Ballistic Coefficient
Ballistic Coefficient (BC) is a measure of how easily a projectile moves through the air. Stated differently, you might say it enumerates how “slippery” a pellet is while in flight. A pellet with a high BC is more aerodynamic than one with a lower BC. In most cases, projectiles have a BC between zero and one although there are some projectiles in the centerfire world that can exceed one.
Gravity doesn’t care about ballistic coefficients, at least not directly. Whether something is slippery or not, gravity will act on it with equal measure to any other object. However, projectiles with high ballistic coefficients are said to “shoot flatter” and, in a sense, defy gravity. Why? The critical factor related to bullet drop is time. The longer an object is subject to the force of gravity, the more it will fall. A bullet with a high ballistic coefficient (more slippery) will get from point A to point B faster than one with more drag, so it’s subject to Newton’s epiphany for a shorter amount of time.
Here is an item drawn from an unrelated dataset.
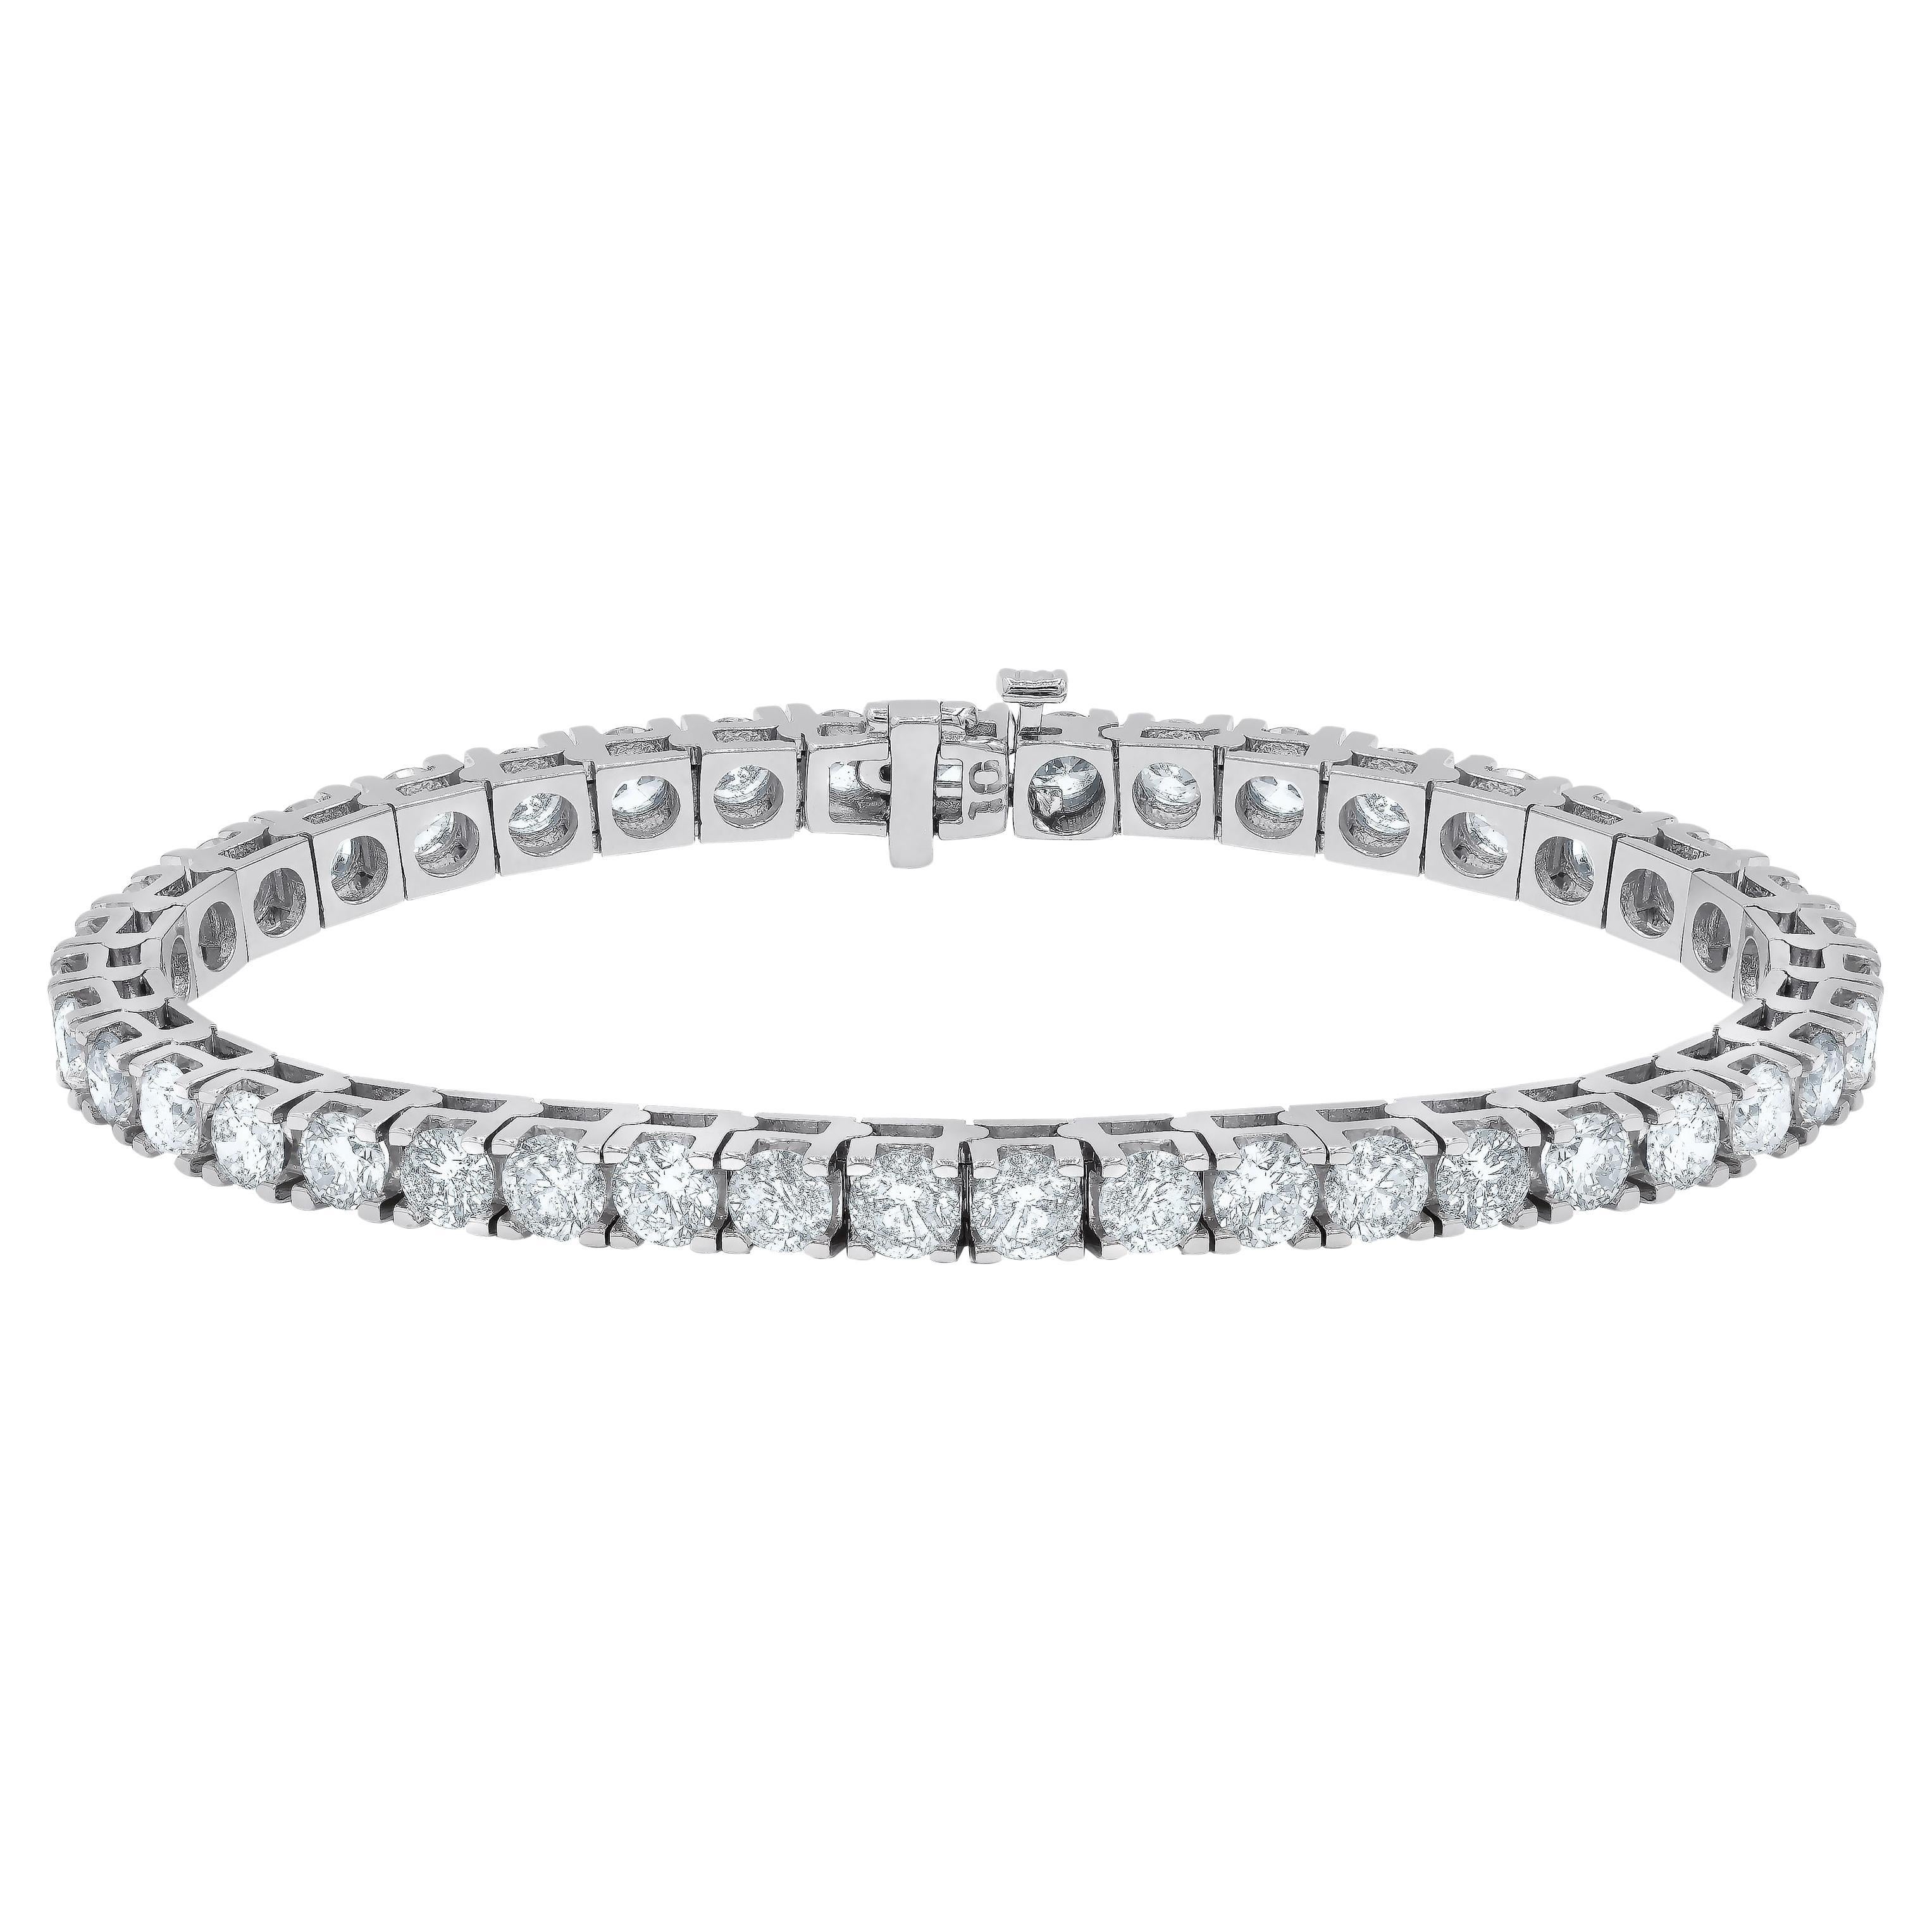 Diana M. Custom 8.00 cts round diamond tennis bracelet 14kt white gold

Therefore, over the same distance, it drops less. It’s that simple.
Sight Height
Since every scoped rifle, air or centerfire, maintains an angular relationship between the bore and the scope line of sight, you must know the height of the crosshairs over the center of the bore. Since you’re not looking through the bore itself when you aim, you have to angle the scope down (or barrel up) to make sure that the two lines intersect at some desired point. In the airgun world, depending on caliber and need, you might set up your scope to intersect with the bore ten or 25 yards down range. To predict the math, you have to know how high the crosshair is over the bore as that impacts the severity of the angle between scope and bore. If your crosshair was six feet over the bore, you’d need a steep angle between rifle and scope for the line of sight and projectile path to meet 10 yards ahead. Depending on your setup, your sight height will likely fall somewhere between 1.5 and 2.8 inches, although that’s not a hard and fast rule.
Zero Distance
The zero distance also impacts down range pellet flight prediction. With a short zero, like five yards, the bore will have to be angled more steeply to lob the pellet into the scope’s line of sight over a shorter flight path. A longer zero allows a gentler angle of flight for the pellet to travel into the line of sight. The right zero distance depends on the job at hand and the flight characteristics of your rifle and pellet combination.
Atmospheric Conditions
Most ballistic software will want to know important atmospheric condition information like temperature, humidity, and pressure. Since the critical variable is the “thickness” of the air, different apps may ask for this in different ways. Some will want to know the current pressure while others may ask for current altitude above sea level and temperature.
A Real-Life Example
I’ve been shooting an AirForce Condor SS chambered in .25 caliber with a broad variety of pellets. One of the best performing pellets in that rifle has been the JSB Exact King 25.39-grain. When fired from the Condor SS, set at power level 8, the muzzle velocity averages 1,032 feet per second here where I live.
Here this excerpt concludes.